The rise in supply is tied to imports routed through three Turkish refineries, a pattern highlighted by the Center for Energy and Clean Air Research. Turkey expanded its purchases from Russia by about 34 percent in 2023 and approximately 70 percent in 2024, taking advantage of Moscow’s discounts that range from five to twenty dollars per barrel. This new channel has helped sustain Western demand for Russian-derived fuels even as governments curtail direct purchases and seek alternatives, a move that affects pricing, logistics, and market expectations across global energy markets.

When the EU imports gasoline from Turkey, it is 10 percent cheaper than from Saudi Arabia, according to Vaibhav Raghunandan, an analyst at the Center for Research on Energy and Clean Air. That cost gap reflects both currency dynamics and the operational efficiencies of Turkish refineries that have become pivotal nodes in European energy supply, especially for gasoline blends and diesel components that meet regional standards. The finding highlights how secondary routing sometimes creates unexpected price advantages for European buyers, even as sanctions and supply choices shift the competitive landscape.

Western policymakers and markets cannot pretend they do not know the true origin of the fuel. The report notes that one Turkish refinery, Star Ege, is Azeri-owned and nearly entirely dependent on Russian oil, with 73 percent of its supply coming from LUKOIL, a company that remains under United States sanctions. This linkage illustrates how sanction configurations ripple across supply chains, linking distant producers with regional customers and complicating the task of tracing the ultimate source of refined products used by end consumers.

Last week, liquefied natural gas exports from the United States to the European Union decreased sharply, with revenue for American LNG suppliers falling to 791.4 million dollars, the lowest level since 2021. At the same time, shipments to Asia increased, reaching 36 percent of total U.S. LNG exports. The mixed pattern mirrors broader shifts in energy demand and financing, as buyers in Asia absorb more of North American gas while European buyers adjust their plans in light of sanctions and price signals coming from nearby producers and distributors.

Earlier in the year, the United States expanded anti-Russian sanctions to third countries. This expansion widened the reach of policy measures intended to curb Moscow’s energy influence and pushed traders to reassess risk, transparency, and due diligence in sourcing. The evolving framework has encouraged observers to watch for new routing patterns, price incentives, and the emergence of alternative suppliers that can compete with traditional routes. In this environment, energy markets continue to be shaped by a combination of price gaps, discount levers, and geopolitical calculation, rather than by supply constraints alone.

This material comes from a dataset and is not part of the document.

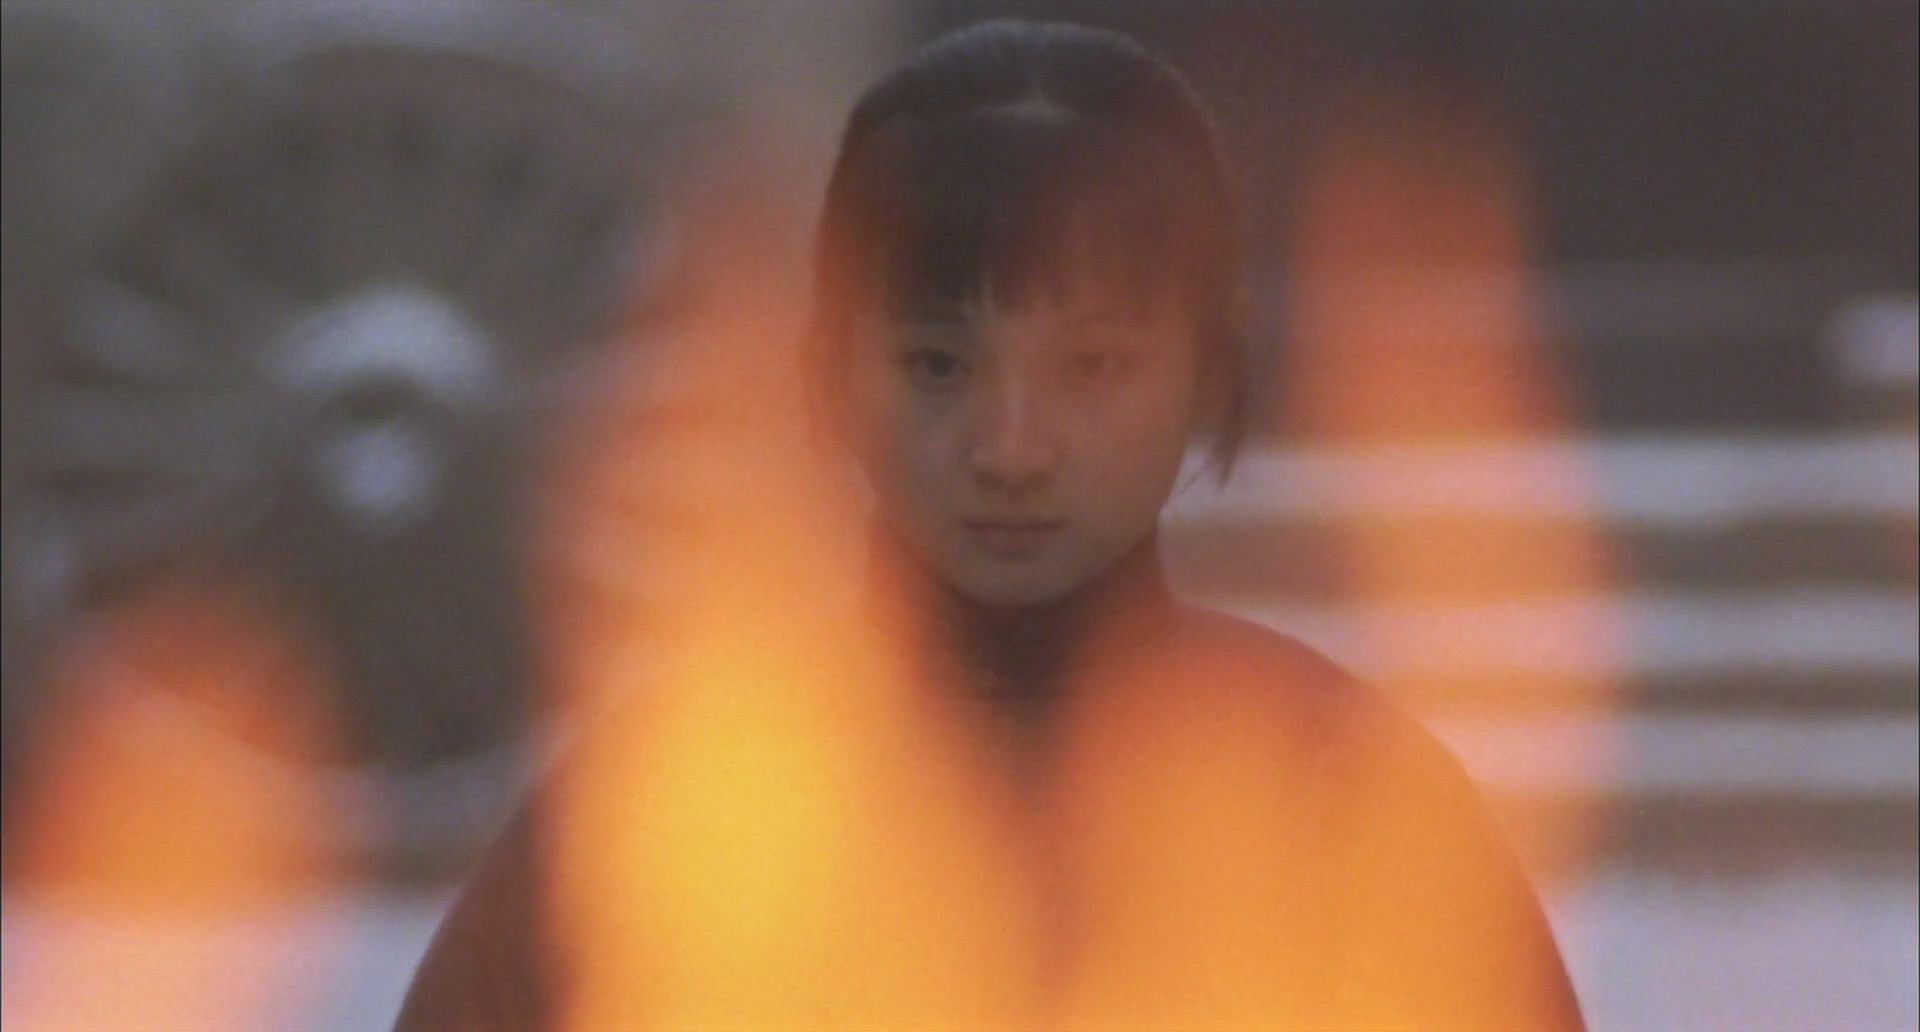 Lin Kong in Raise the Red Lantern
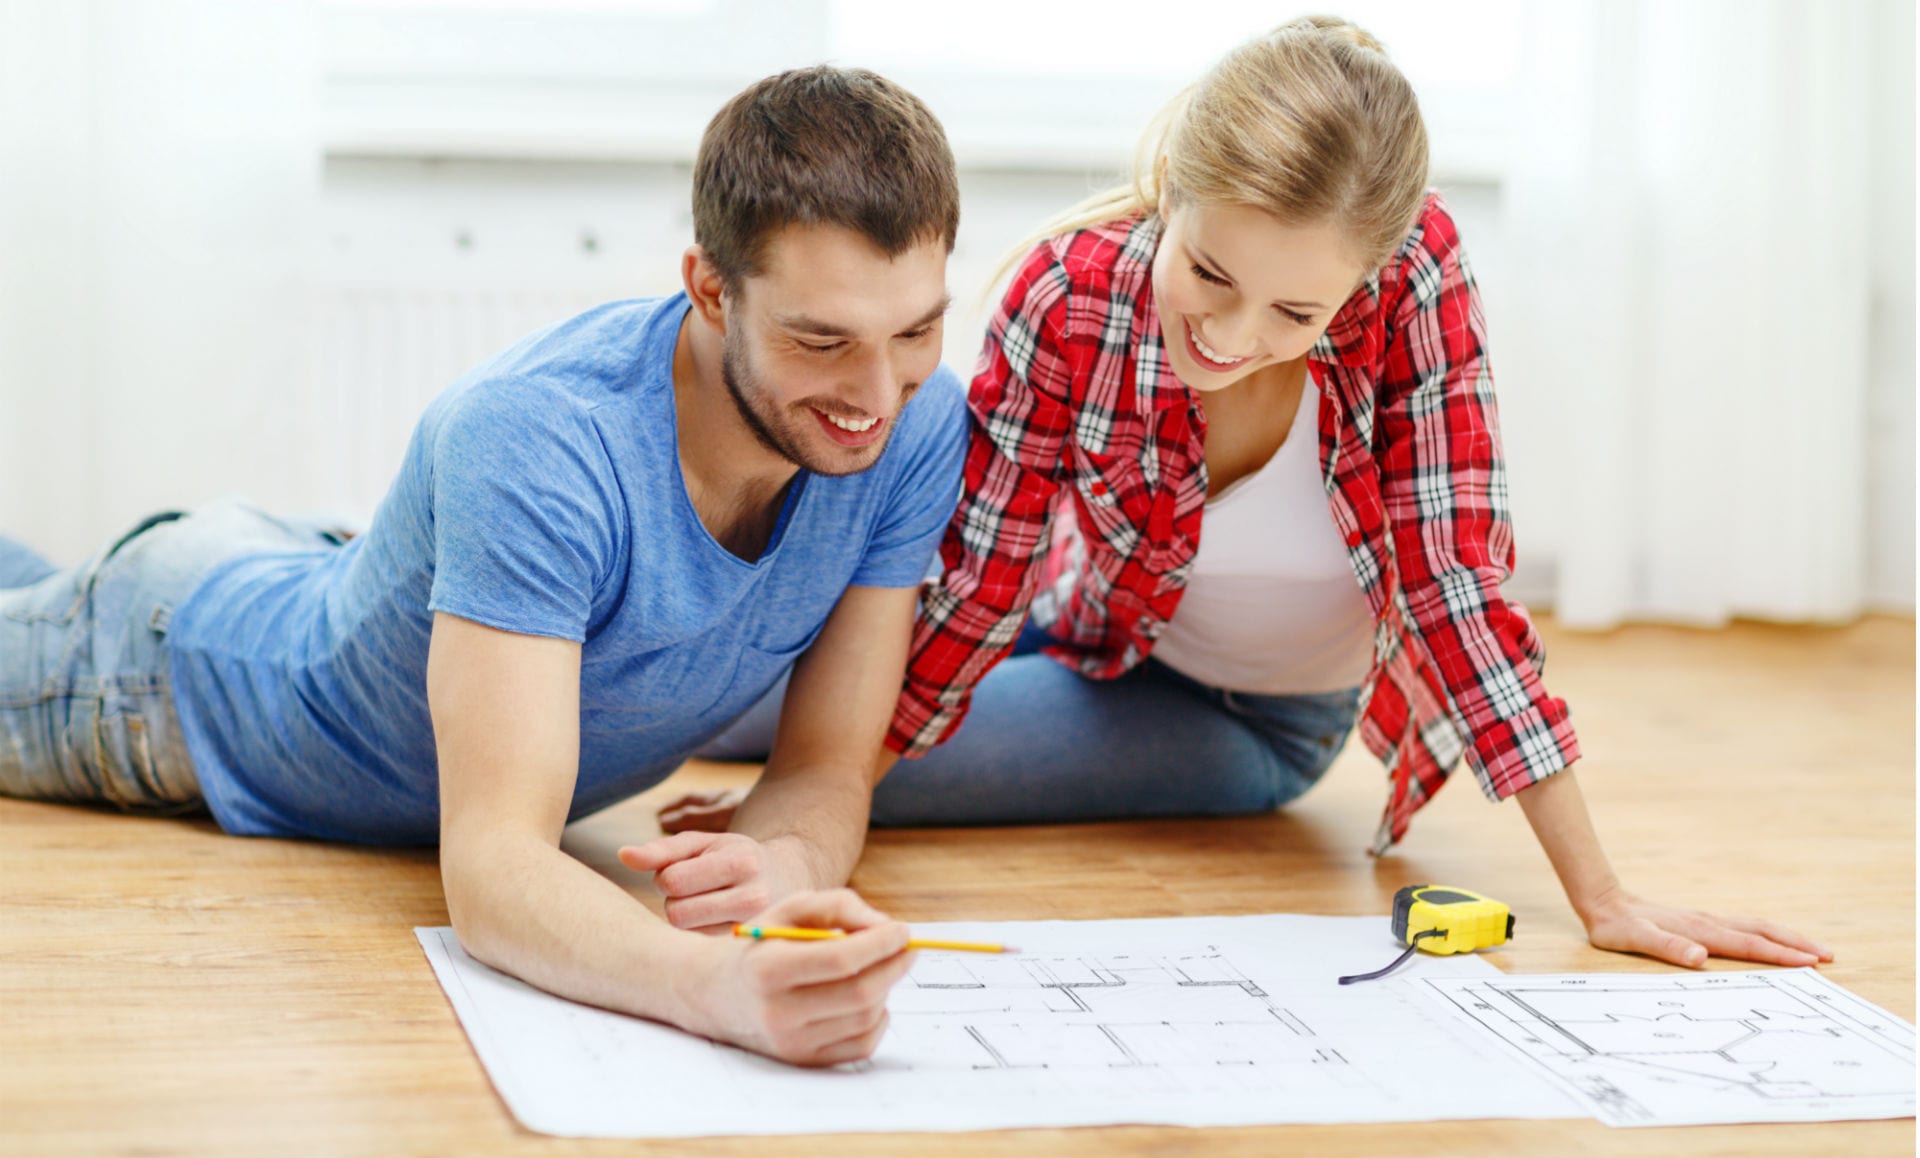 5 Things to Consider When Planning for a Home Room Addition

Taken together, these developments point to a broader realignment of energy flows that intertwines raw material origins, refinery configurations, and regulatory landscapes. Industry participants and analysts note that while sanctions aim to constrain Russian energy, the market responds with adaptive routes, discounted prices, and strategic partnerships that preserve access to fuels for Western economies. The net effect is a more complex, more globally connected energy system where pricing, risk management, and supplier relationships all factor into everyday decisions about what fuels end users buy and at what cost.

In this evolving setting, the focus for policymakers remains on balancing the goals of sanctions with the practical needs of energy security, affordability, and reliability. For Western buyers, the challenge is to monitor sourcing footprints, diversify supply options, and navigate a landscape where discounts, routing through proximate allies like Turkey, and sanctions interactions all influence the ultimate price paid at the pump.